Et cette trame de fond sera juste un prétexte à de longues heures de jeux. En effet, Capcom ne s’est pas ici contenté de nous livrer une copie conforme de la version arcade mais a agrémenté son titre de nombreux autres modes de jeu. Vous aurez donc bien entendu droit aux traditionnels modes arcade qui vous mettra aux prises avec tous les personnages du jeu et versus pour vous battre contre vos amis mais également aux modes coopération (vous permettant de jouer jusqu’à quatre via un multitap), ligue qui fera s’affronter jusqu’à six équipes de deux lors de matchs avec à terme un classement par points, et Tournoi qui tout comme dans les jeux Dragon Ball Z vous fera affronter des combattants dans des matchs à élimination directe jusqu’à la grande finale tant attendue.

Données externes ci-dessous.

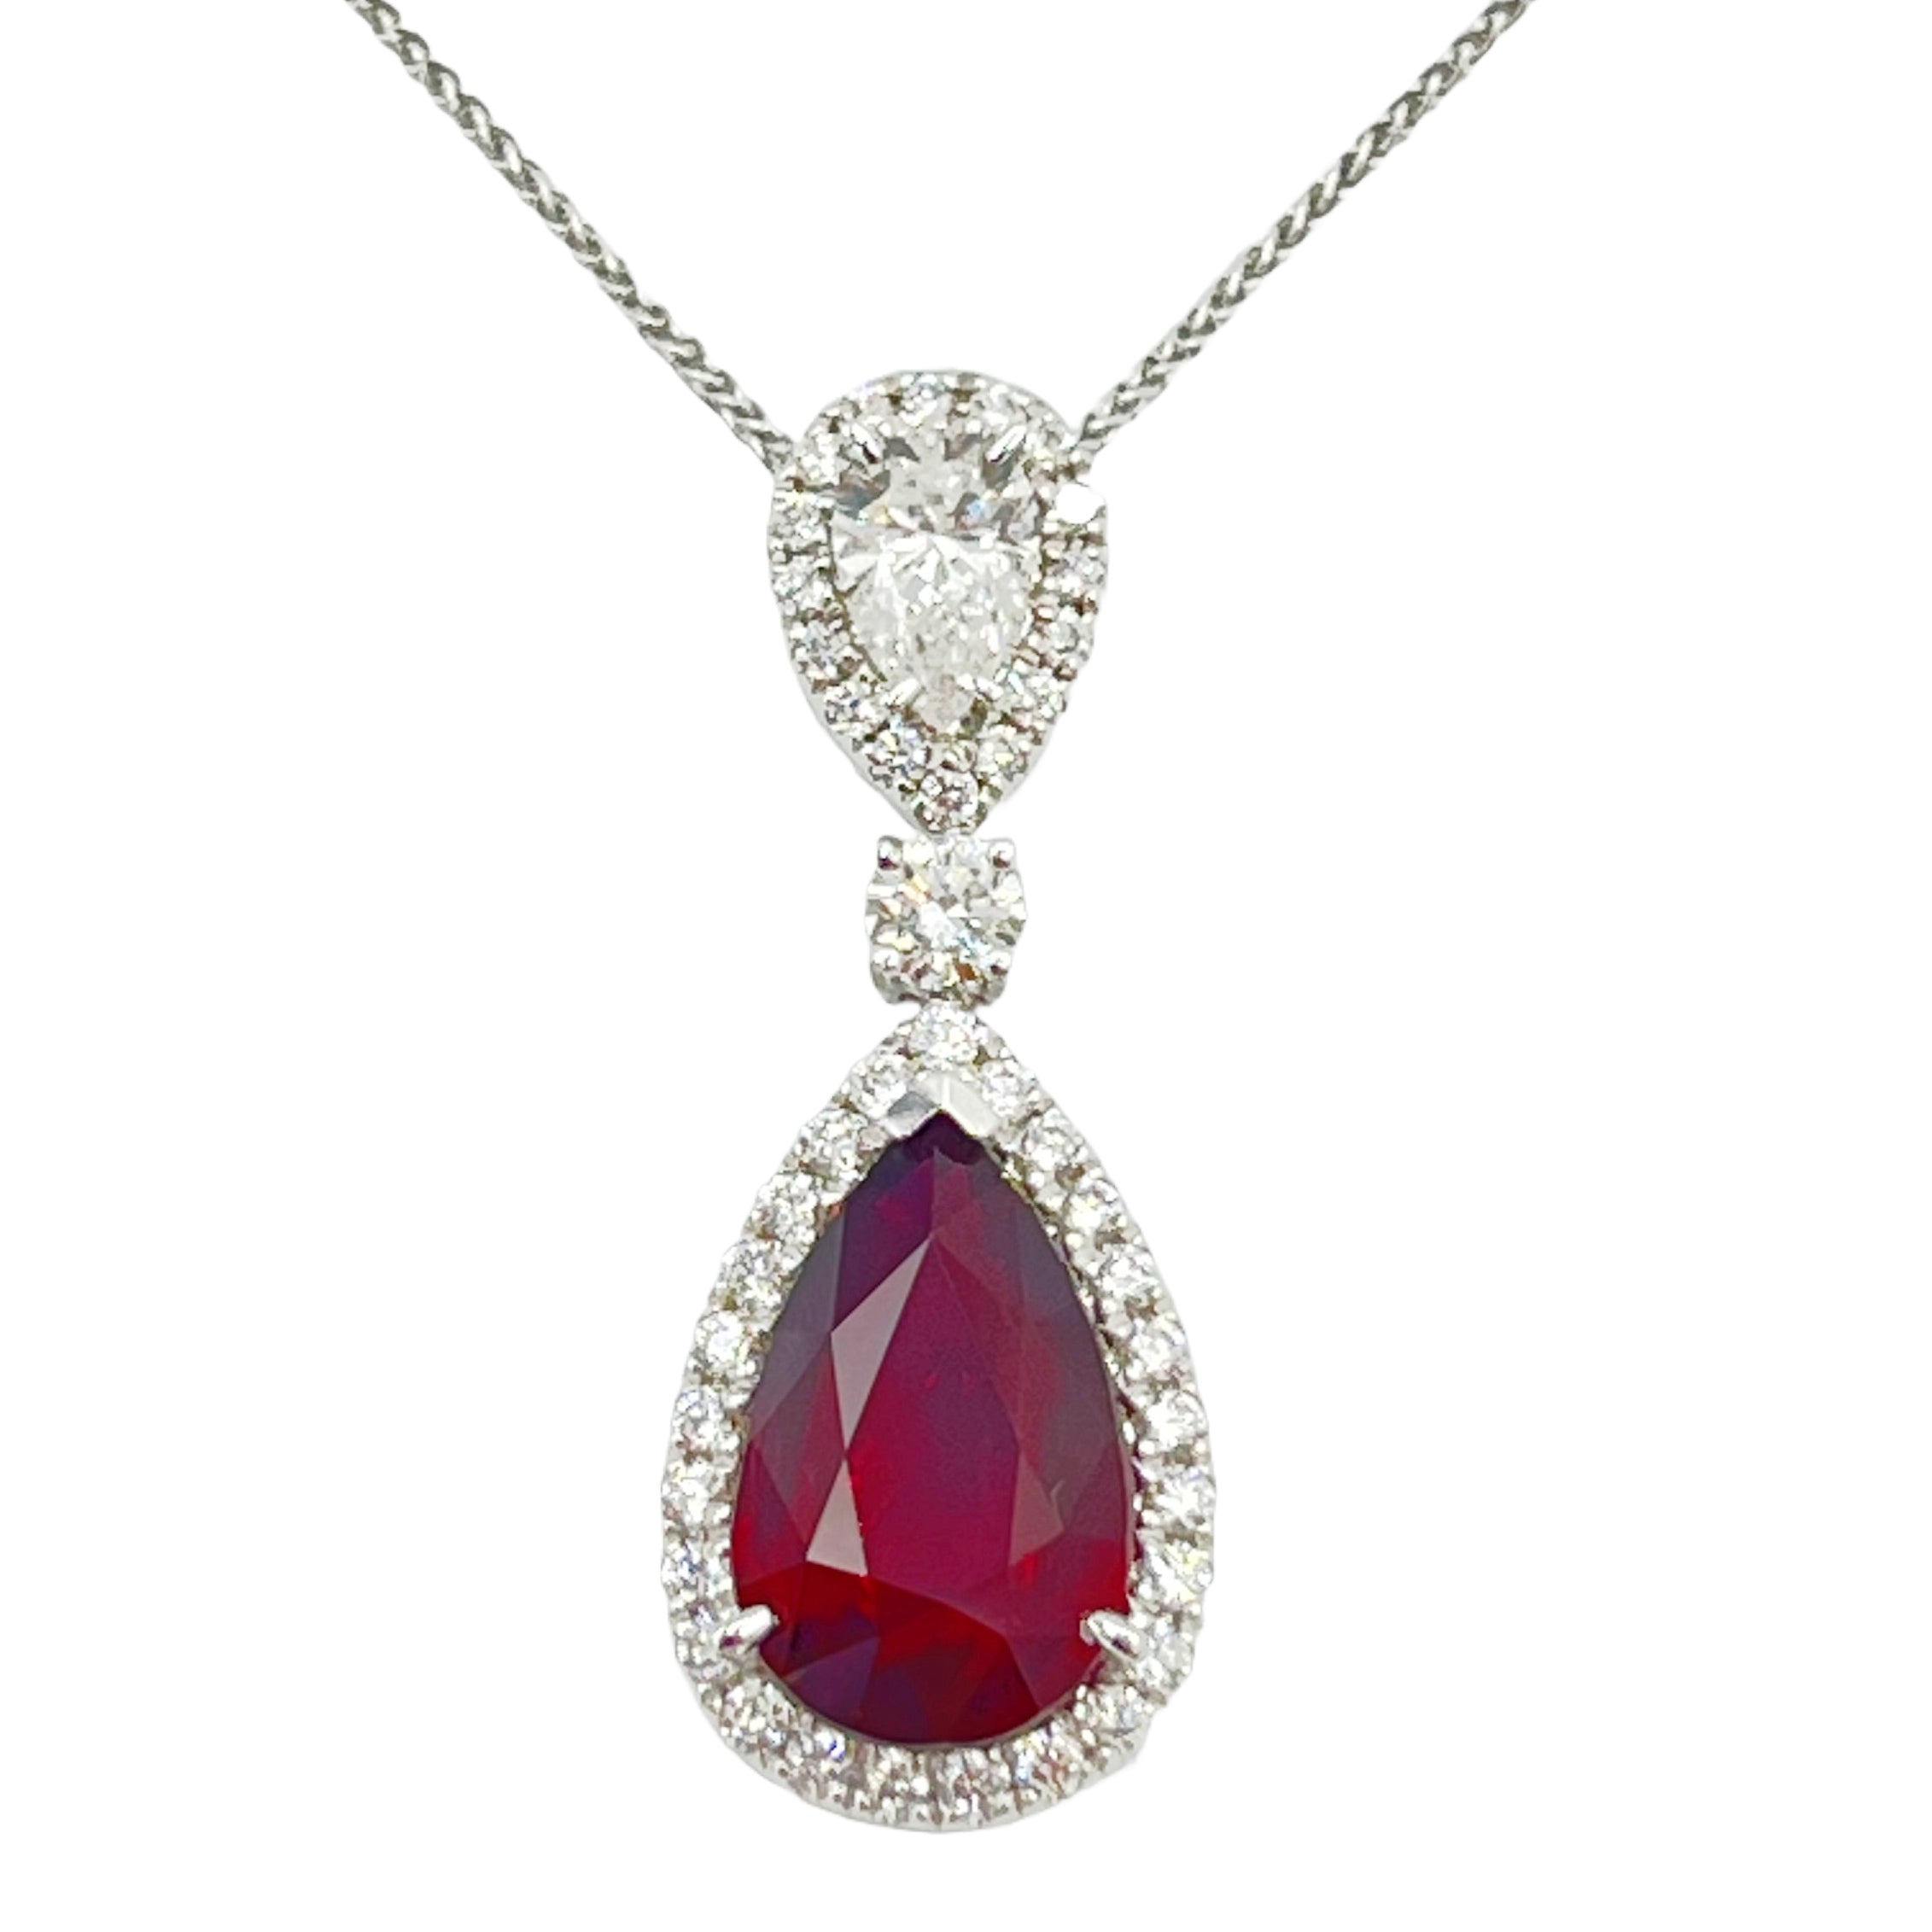 Pendant/18KW/3.2G 1RUBY-4.16CT 1PR-0.40CT 43RD-0.48CT GIA2221516486

Vous aurez également droit à un tutorial en images et, idée intéressante, à quelques mini-jeux comme des penaltys avec Roberto le joueur de foot par exemple (sachant que pour les débloquer, vous devrez terminer le jeu en mode hard avec certains personnages bien précis). Vous pourrez également vous atteler à la tâche de débloquer les personnages cachés, tâche qui vous occupera un bon bout de temps puisque pour cela vous devrez terminer le titre vingt-quatre fois. Enfin, essayer chacun des quarante deux persos ainsi que toutes les équipes possibles (pour voir tous les doubles combos réalisables) vous prendra également un temps considérable. Le jeu est réparti sur deux CD-ROM, le premier contenant les modes arcade et versus et le second tous les autres modes de jeux. Durée de vie énorme donc (surtout pour un jeu de combat), en solo et à fortiori en multijoueur, d’autant plus qu’au niveau de difficulté maximal le challenge est énorme.

Conclusion (18/20)

Nous sommes donc ici en présence d’un jeu de baston 3D original et innovant aussi bien au niveau de ses modes de jeu que de son gameplay et son contexte de guerre des récrés peu commun. On pourra lui reprocher sa réalisation vraiment limite mais le fun du titre vous fera bien vite oublier cela et retiendra votre intérêt pendant de longues heures de jeu. Jeu à recommander pour tous les fans de jeux de baston qui contribue à renouveler un peu le genre, ce qui n’est pas un mal.